Critics of the deal argue principally that a reduction from four national wireless carriers to three will create grave risks to competition. But Justice and the FCC have consistently rejected such simple-minded analysis. Instead, as consent decrees for several wireless mergers over the last decade–under Democratic and Republican administrations—make clear, both agencies approach the unique economic features of mobile communications with more subtle tools.

For example, both Justice and the FCC have consistently concluded that wireless markets are essentially local. Their competitive analysis—the key in reviewing horizontal mergers of this type—therefore focuses on the choices available to consumers where they buy wireless service; typically where they live, work or shop.

In today’s dynamic mobile industry, some national wireless carriers are strong in some cities or rural areas and weak or absent from others. Beyond the national carriers, lower-priced providers including MetroPCS and Cricket, as well as established regional companies including US Cellular, are strong in local markets. The Justice-FCC market analysis will consider market structure at the local level, counting all providers who are genuinely competitive.

The discussion so far about market concentration levels—measured by the Herfindahl-Hirschman Index, or HHI—ignores the more detailed analysis that the DOJ and the FCC have performed for past mergers including Sprint-Clearwire and Verizon-Alltel (both in 2008).

HHIs are commonly used as starting screens to identify markets where anti-competitive effects might result. But the two agencies have historically concluded that anti-competitive effects will occur only where concentration is especially high–at levels of the HHI well above the published estimates for the AT&T-T-Mobile deal in most markets. In particular, the focus has historically been on local markets where the merger would result in too few remaining competitors. In those markets, local divestitures have been required.
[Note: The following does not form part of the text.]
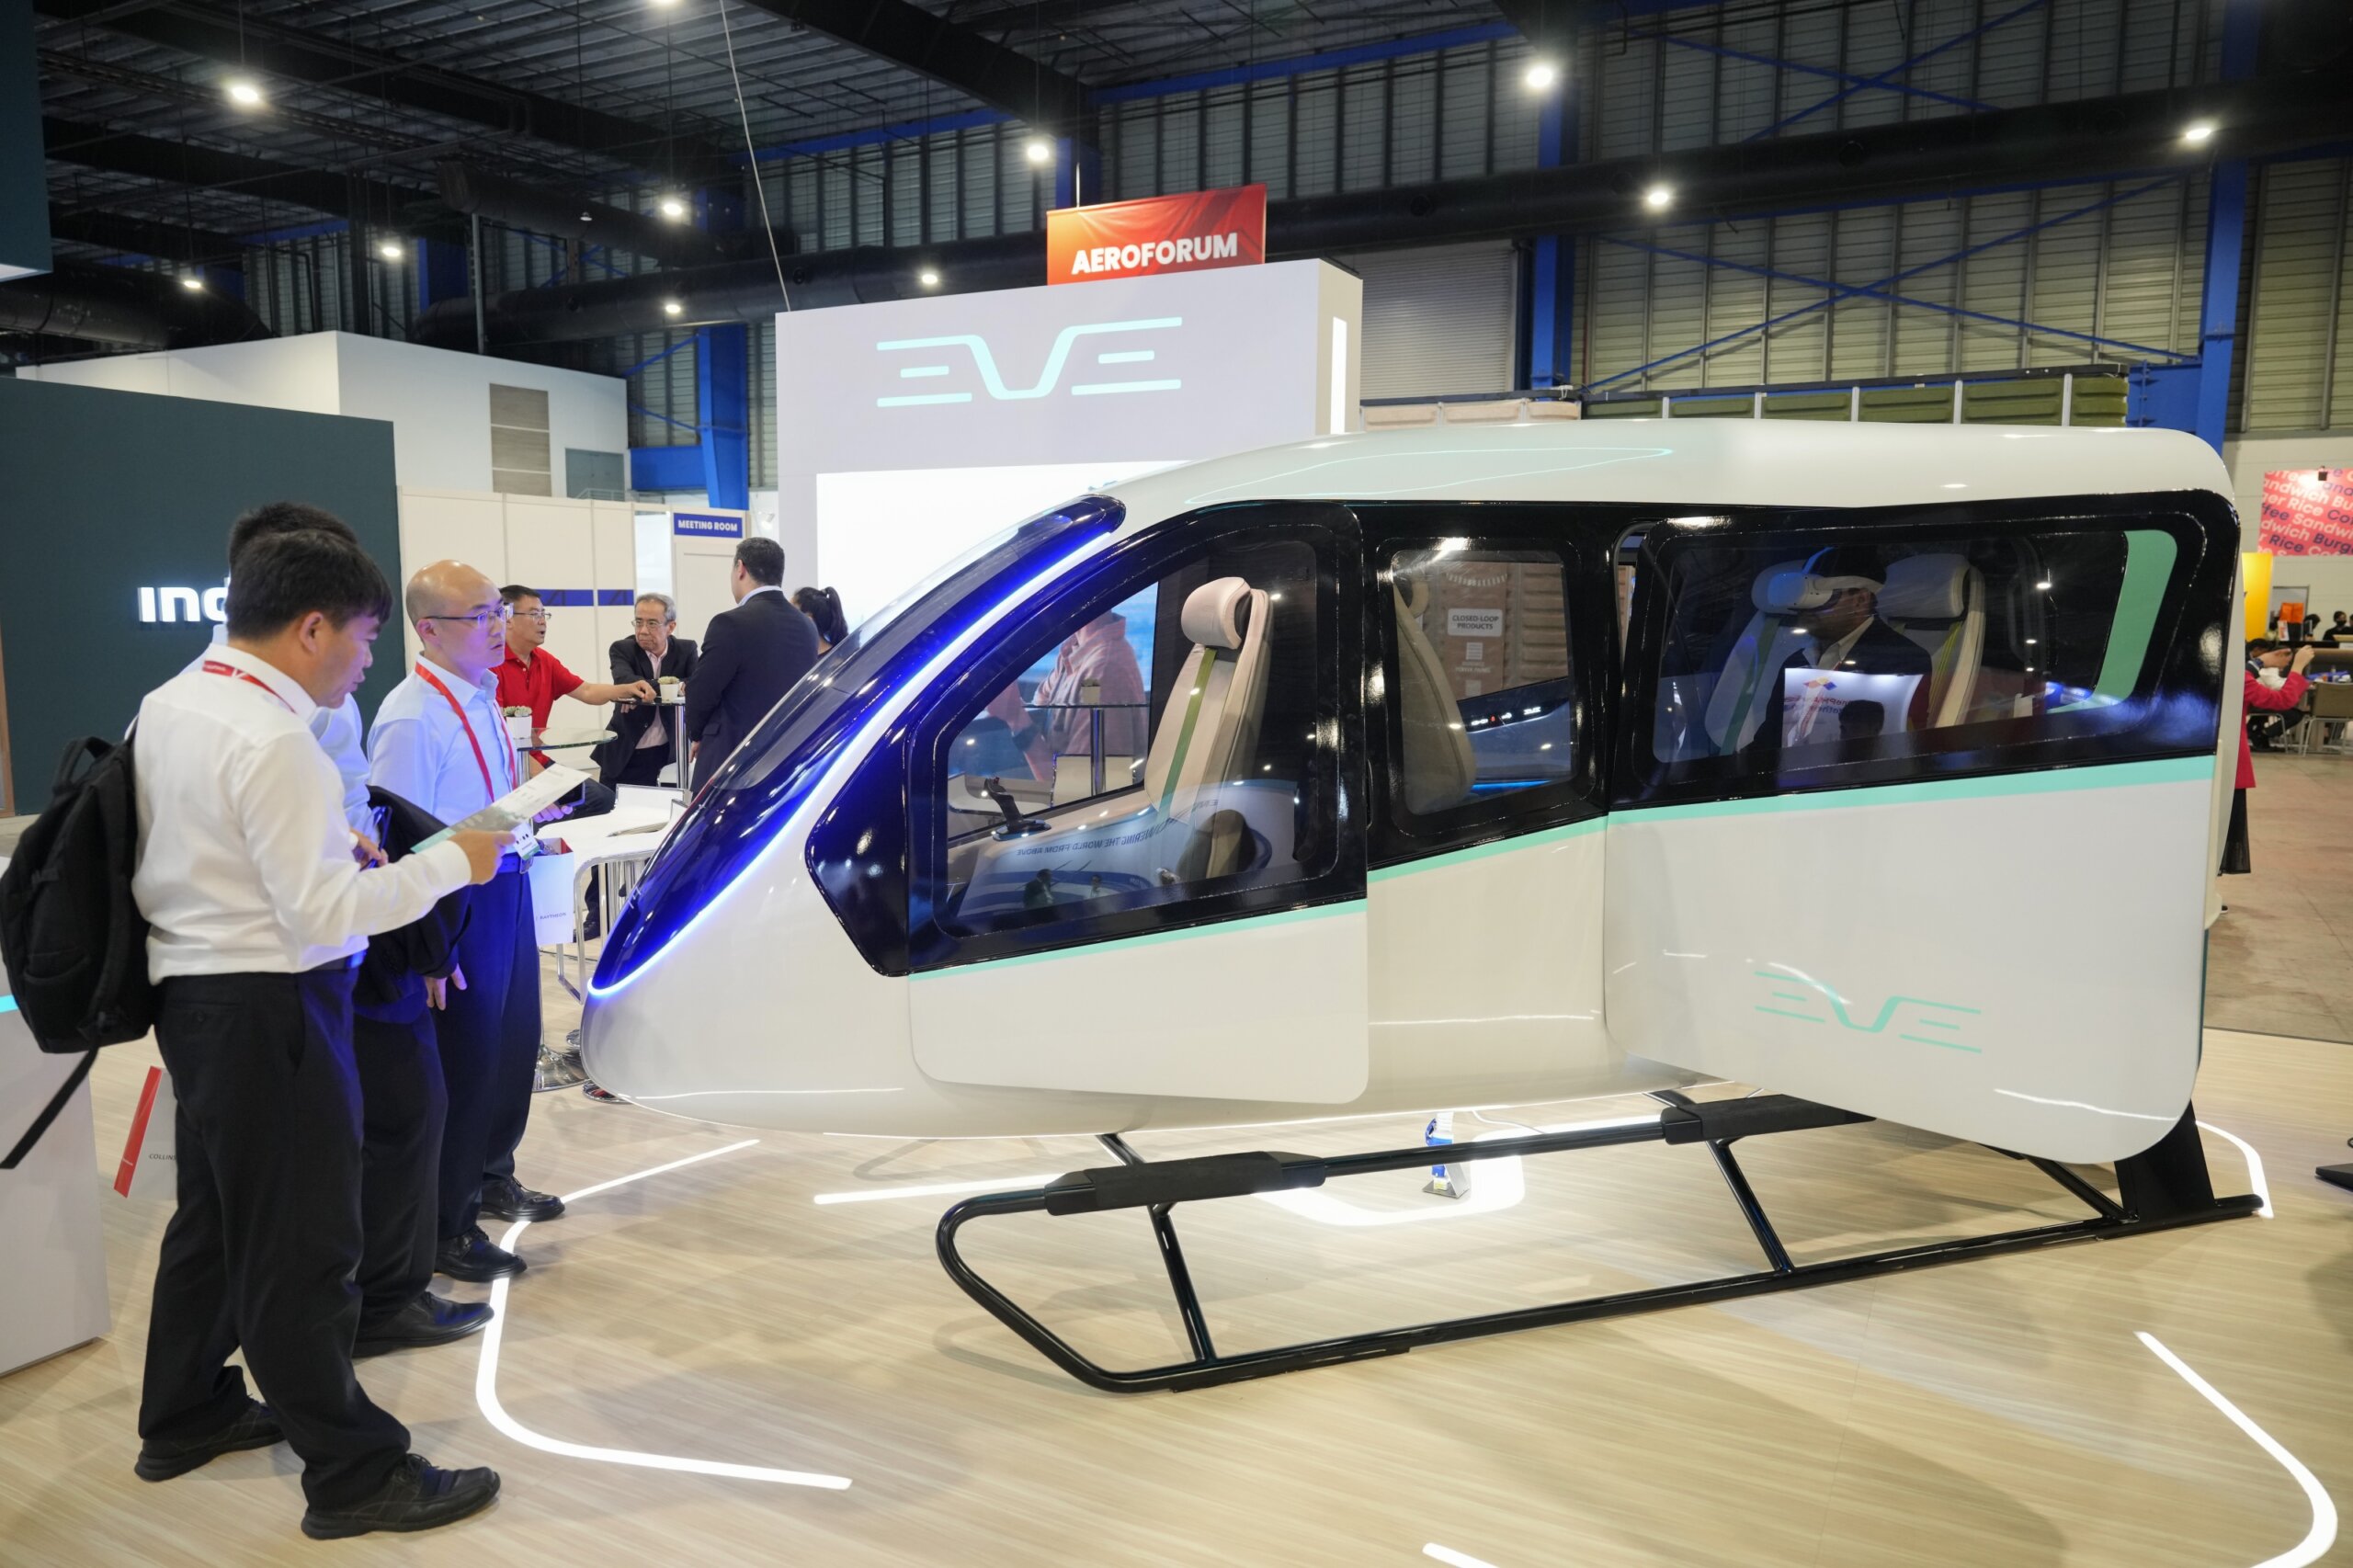 现代汽车与巴西航空公司爱菲尔达共同支持的Eve空中移动公司看好电动飞行出租车的未来

On that analysis, AT&T probably will be required to divest some consumers in some local markets, but fewer than would result from strict application of the high-level HHI screens.

The FCC must also consider potential benefits of the deal that improve the ‘‘public interest.”  Here, the agency will take into account serious capacity constraints both AT&T and T-Mobile are already experiencing on their networks. AT&T argues the merger will allow it to optimize scarce spectrum, improve network performance and quality, and accelerate deployment of nationwide mobile broadband using LTE technology, including expansion into rural areas.

The FCC and DOJ will require evidence to support these claims, of course. But assuming AT&T can back them up, they constitute strong public interest benefits.  After all, these are all goals the FCC itself established as part of last year’s National Broadband Plan. Likewise, as part of its evaluation, the DOJ will consider these and other claimed synergies as pro-competitive efficiencies produced by the merger.

Finally, that the deal is being vigorously opposed by some competitors—notably Sprint—actually helps AT&T’s case. Antitrust enforcers are understandably skeptical of claims by competitors that a merger will hurt them. Why? If a merger leads to higher prices for consumers, competitors such as Sprint would actually benefit. So when a competitor complains a merger is anticompetitive, the agencies take that as evidence the deal will in fact produce a stronger rival. And a stronger rival is good for consumers.

In the end, Justice and the FCC will have to weigh the competitive risks of further consolidation against the benefits for American consumers of improved service and accelerated deployment of nationwide mobile broadband. If history is any guide, the merger will ultimately be approved with specific conditions, including divestitures, to ensure that local competition is preserved even as national benefits are achieved.

That, of course, assumes the agencies follow their own best practices and not naysayers who can only count down from four to three. Let’s hope they do.